The free tier is 15 tasks per day (of gemini-2.5-pro) which is EXTREMELY generous. I've had plenty of tasks run for 1-2 hours. I do think that after 1 or 2 hours it's told it needs to wrap up and just present what it's done; I couldn't get it to keep going longer than 2 hours. But Jules is very slow as it seems to be batch processing on spare capacity, so 15+ hours a day is not quite as absurd as it sounds.
I haven't tried Jules in a couple weeks, but the UI/UX had a lot of issues such as not being given any progress updates for very long times. The worst thing was not being able to see what it was doing and correct it: you only see the state of files (without a usable diff viewer, WTF) at the last point that the agent decided to show you anything (the last time it completed a todo list item I think, and I couldn't get it to update the state when asked, though it will send a PR if you ask), and gemini-2.5-pro can often try really stupid things as it tries to debug. I've also been impressed at its debugging abilities a number of times.
Still, I found Jules far more usable than Gemini CLI (free tier), where Gemini just constantly stops for no reason and needs to be told to continue, and I exhausted the usage limit in minutes.
Aside from the unlimited free tier, probably the best part of Jules are its automated code reviews. Once, I was writing up some extensive comments on its code and then unexpectedly a code review was dropped in the conversation which gave exactly the same feedback I was writing. Unfortunately if it never reaches the point of submitting for review, it doesn't get an automated review. It does often ask for feedback before it's done, which is nice. So probably I needed to prompt better.
That's honestly incredibly cool, could I perhaps encourage you to write a blog about the details with some examples on what the PR requests from your customer looks like.
I believe it is to make sure that the product remains compliant with the data guarantees that Workspace provides.
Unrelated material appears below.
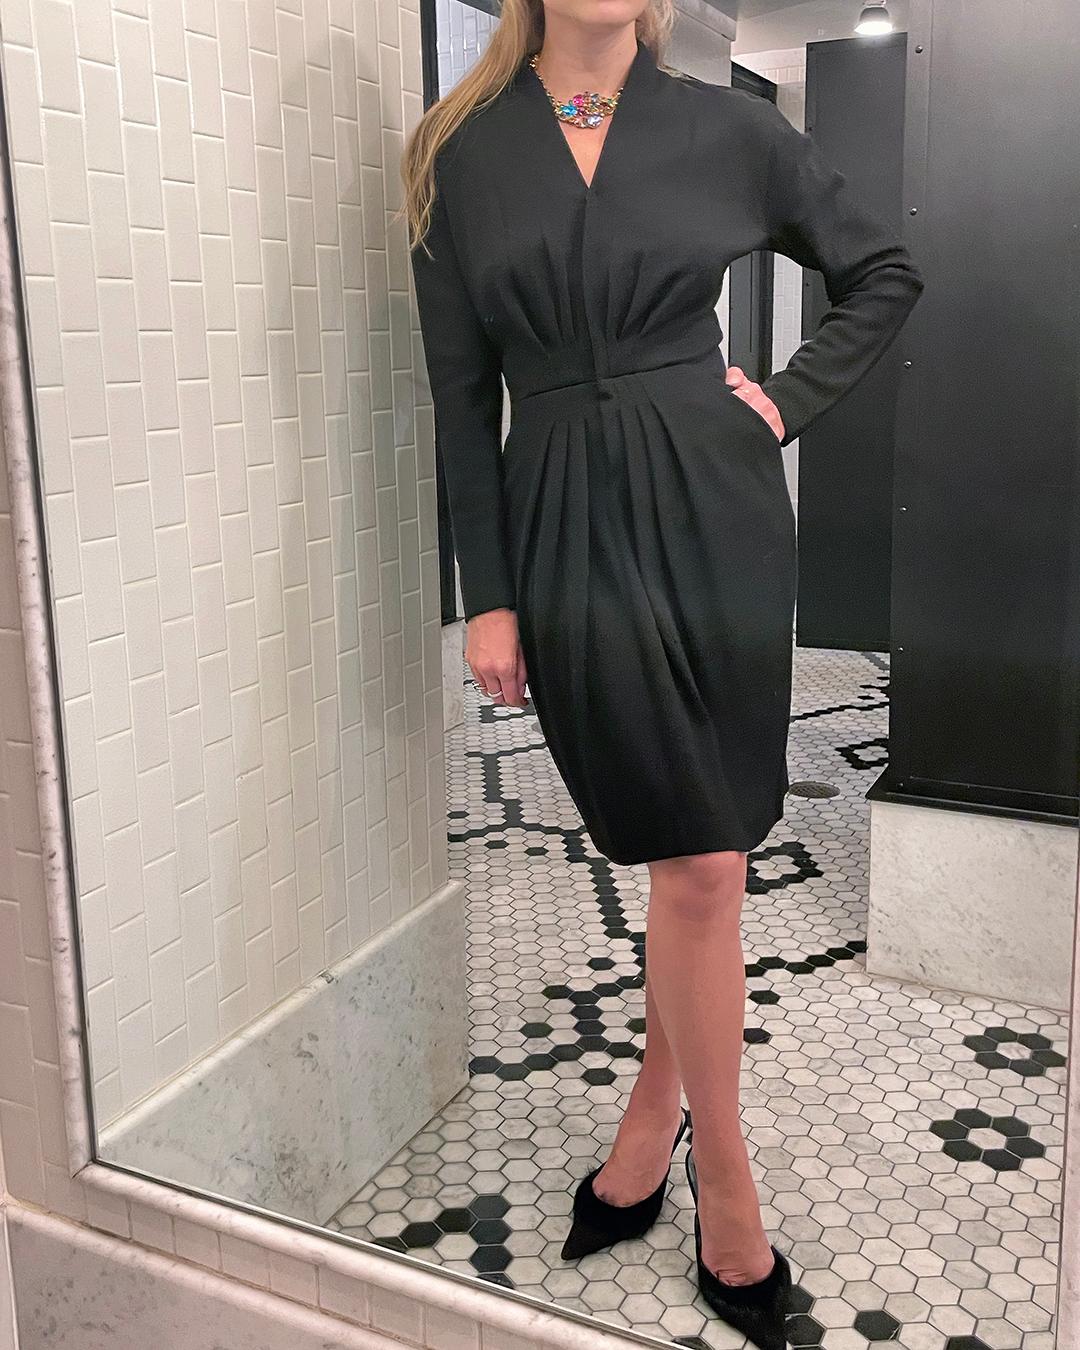 Vintage 1980s Donna Karan Wool Dress: This is such an absolutely timeless vintage little black dress, made by Donna Karan in the late 1980s. The quality and craftsmanship are so evident: Karan was known for her draping and this dress is a prime

You aren't paying for the latest and the greatest features, you're paying for the support and compliance guarantees your business expects.
companies want features gated behind controls, they want audit trails, compliance, SLAs, integration with their admin consoles. and they want some certainty that the feature won't change too quickly.
i will never understand why people keep using workspace accounts for personal use, and then being surprised when features hit those accounts more slowly. this is how it's worked for 20 years, it's not going to change. if you want earlier access, create a gmail account for your personal use.
My experience with coding agents leads me to believe using something like this will end up being more noise and work than ROI
I think that depends on how far out your horizon is. If you're only looking one task out, or maybe a few weeks out, then it's not worth investing the time yet. On the other hand, if you're looking at how your engineering team will work in 3 years time it's definitely worth starting to look at it now.
An example that comes to mind: having a bot that automatically spins up an environment when a library is updated, runs through the tests, and identifies why a codebase doesn't work with the update, and fixes it then opens an appropriate PR that passes all the tests for humans to review would be incredibly useful.
The LLMs are a crapshoot, and probably always will be, for reliable automatic fixing of anything. They save me time 50% of the time. The other 50% they just can’t put enough together to grok what the existing code does, but damn if their code doesn’t look like it should work.
In 3 years time this won't be how these tools work. So it feels like you're saying we should invest time in something that doesn't work and will be redundant in 6 months.
Worse, your example is one that AI agents are notoriously bad at. Give them an error like that and they're more liable to break the existing functionality to fix it, after littering the code with tons of log statements.
When most of the time the actual fix is a silly little mistake that takes one line to fix.
We are unlikely to see these things progress beyond "a never learning junior that doesn't remember what it did last hour"
It's a limitation inherited from how they are designed. Fine if you babysit them, but they quickly get off the rails and waste my time too. Hence to original question about people actually using something like Jules versus speculating how nice it would be
> why would I want an external tool over an integration?
I do not feel comfortable running agents the same computer I have my photos, email, browser cookies, etc. on my personal computer, so giving Jules access to my GitHub project was a nice experience for me. It was able read my Gemfile and run my Rails app's test suite without me having to worry about all my private data on my machine. The code wasn't great, but it did help with coders block to kick off some features.
The benefit I've found of external vs integration at least with GitHub copilot is in the cloud it auto approves by default and it's working in a sandboxed environment.
I think they are doing both (in true Google fashion), there is an open source Gemini cli with a generous free tier that more directly competes with Claude code.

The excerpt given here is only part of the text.